We simplify the installation process of dependencies required by the package. They can be easily installed by a single command source install.sh
.
No other steps are needed!
Pretraining time can be reduced to a time-based value by defining --total_training_time=24.0
(24 hours for example).
Mixed precision is supported by adding --fp16
.
Support a large number of pre-training datasets. Users can easily use them via huggingface dataset hub. In addition, we also support users' custom dataset.

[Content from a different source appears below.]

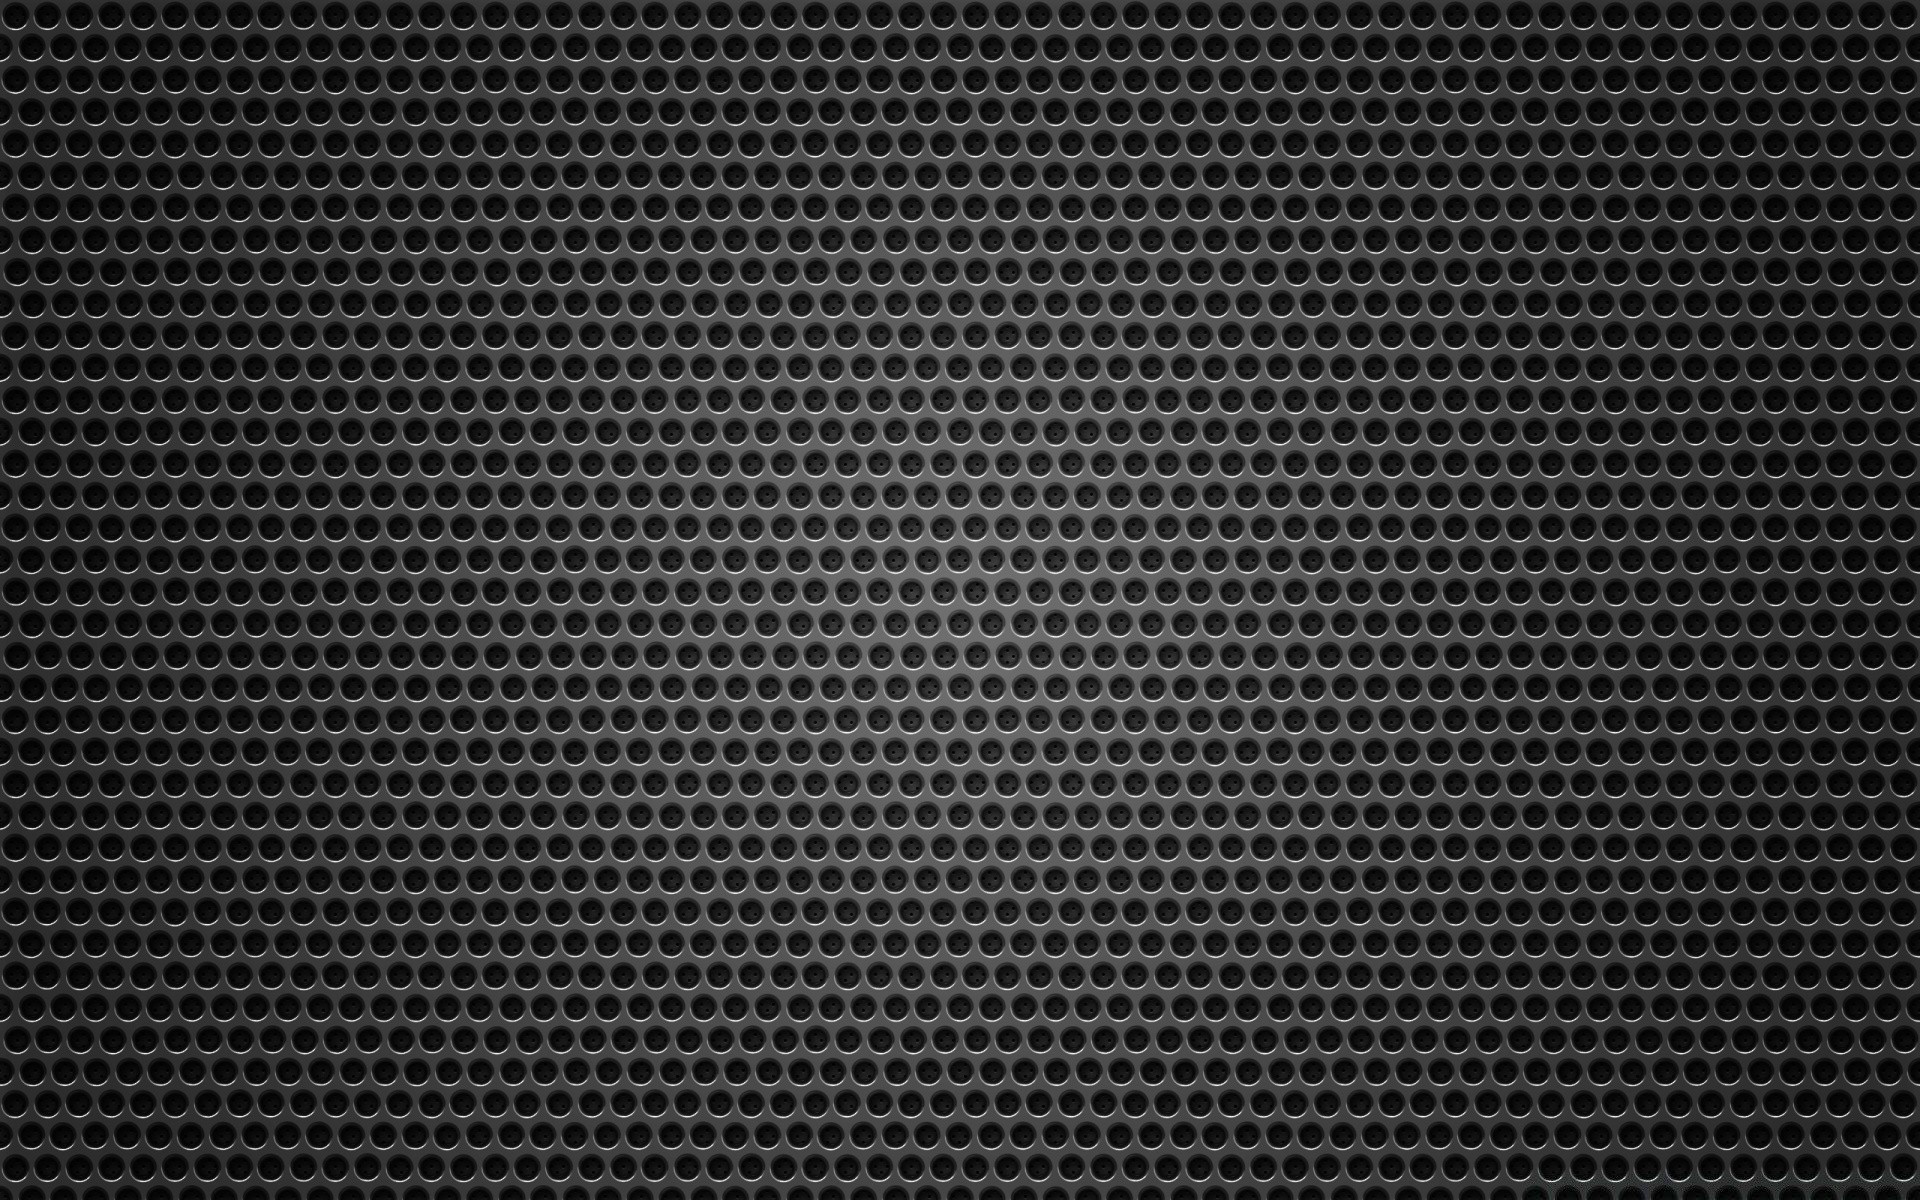 black design wallpaper desktop pattern net texture background abstract fabric weaving luxury seamless cover surface iron steel textile leather retro
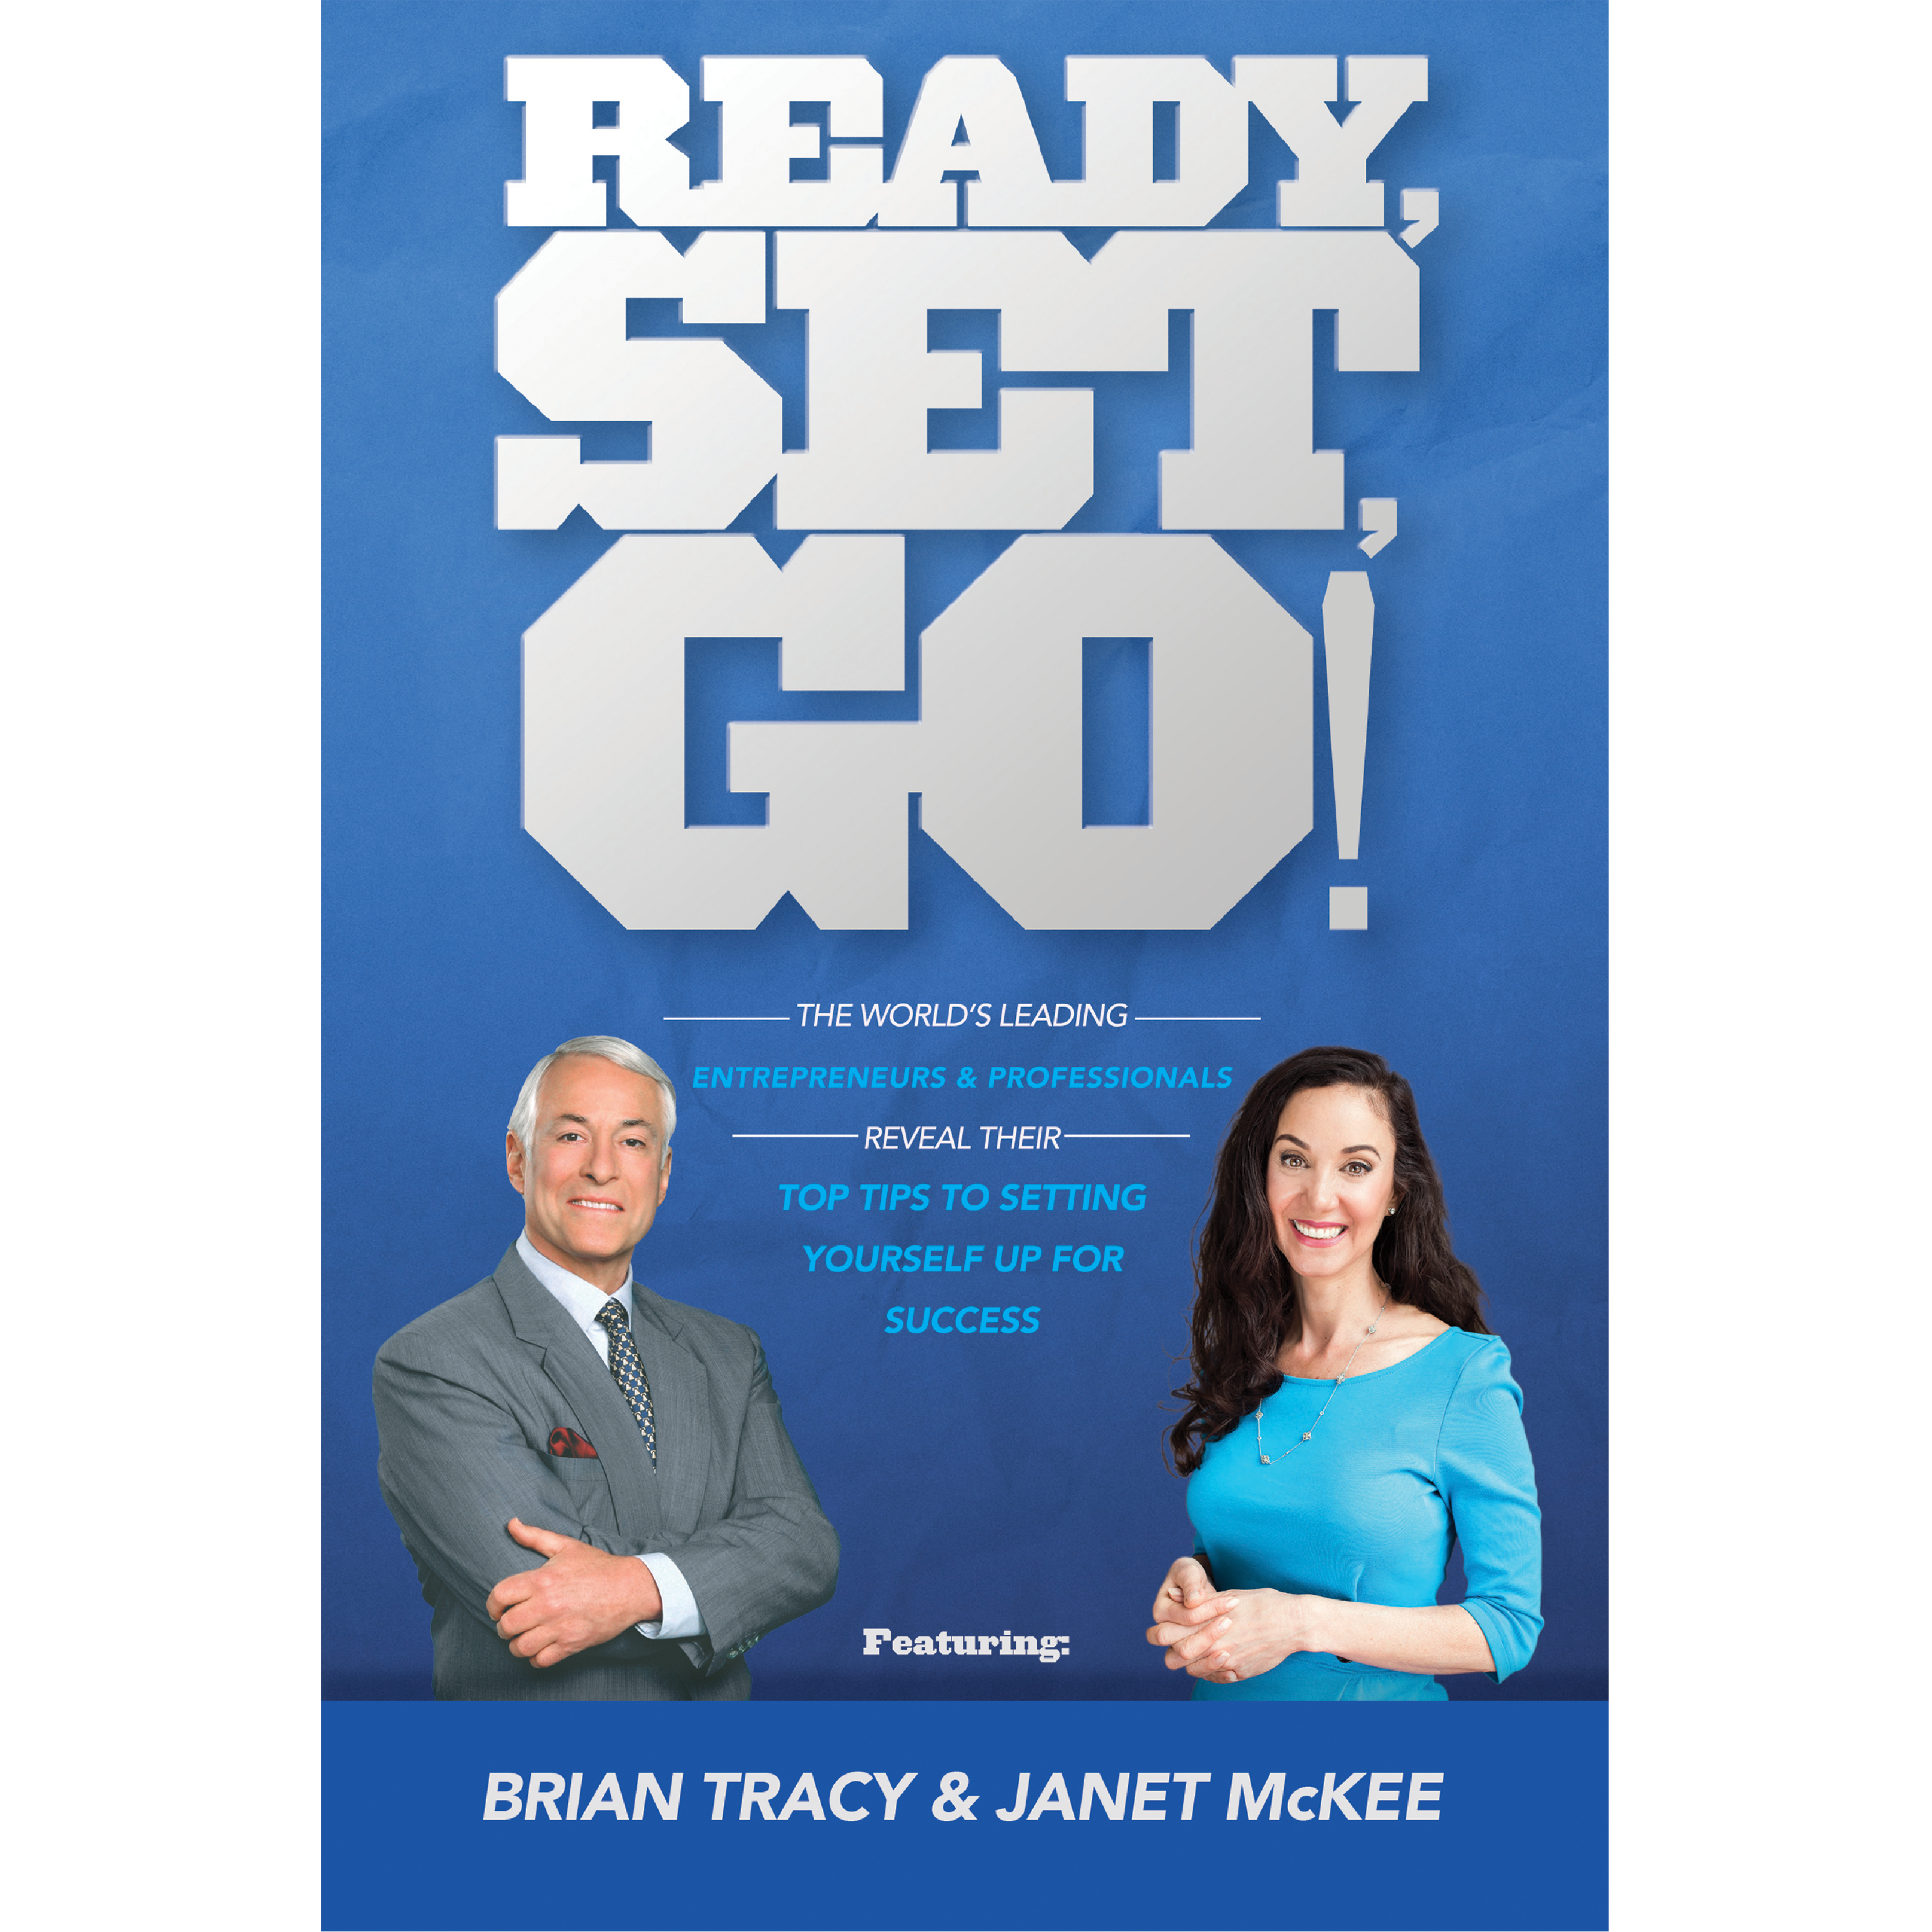 For Immediate Release – Janet is Co-author of a Best Selling Book, “Ready, Set, Go”

It is hard to verify the effectiveness of a new optimization method in LM pre-training. With our package, we support integration of customized optimizers and schedulers into the pipeline, which help researchers in the optimization community to easily verify their algorithms. Efficient optimization and data processing algorithms will also be added to future releases.
Model | Status |
---|---|
BERT | ✅ Supported |
RoBERTa, ALBERT, DeBERTa | 🚧 Developing |
- Linux Ubuntu >= 18.04.
- At least 20 GB GPU memory, e.g. GPU 3090 x1, or 2080Ti GPU x2, GeForce RTX 3070 x4, etc.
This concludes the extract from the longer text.